L’image dure dans le cadre, le temps se durcit dans la fixité du cadre qui s’obstine à montrer. Les Antiquités de Rome nous confrontent, nous spectateurs du film. à ce temps qui passe et qui se durcit dans un cadre qui s’obstine. Car si le temps finit chose si dure, il finira la peine que j’endure.

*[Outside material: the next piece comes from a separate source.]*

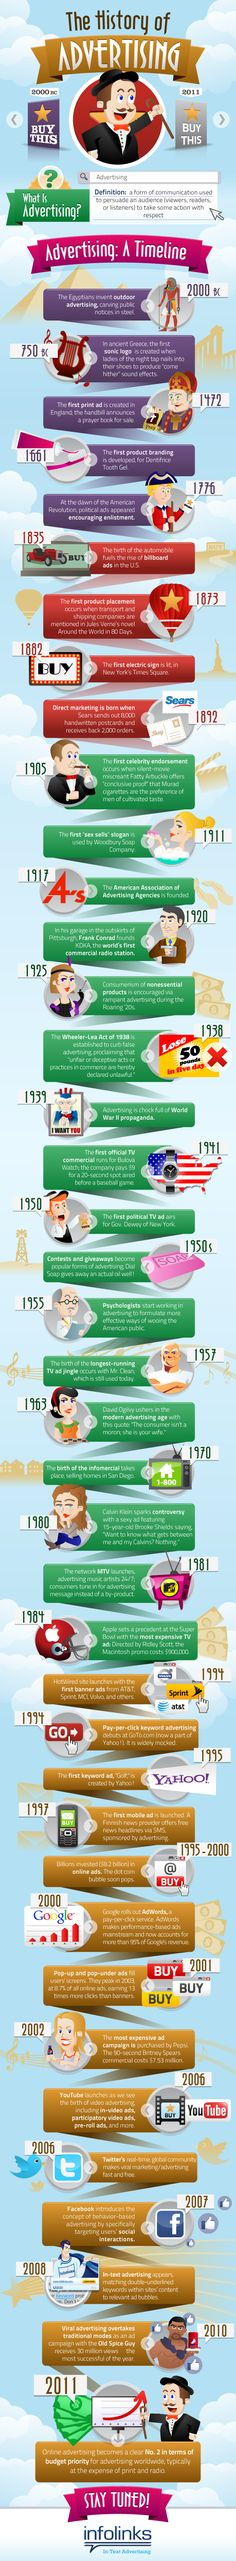 [#infografica] Storia dell'#Advertising

Comment vivre le temps dans ce film ? En se laissant aller aux images qui vont, aux souvenirs des monuments et des événements, en faisant communiquer les lieux et les temps, comme dans Songe où tout se mélange, revient. En devenant aérien face à des images terriennes. Notons l’importance croissante du ciel dans le film jusqu’à ce plan de nuages. météores sans images de ville. En nous laissant aller à la rêverie des lieux qui restent, des événements qui reviennent dans le souvenir. Comme le voyeur qui à la fin semble s’endormir.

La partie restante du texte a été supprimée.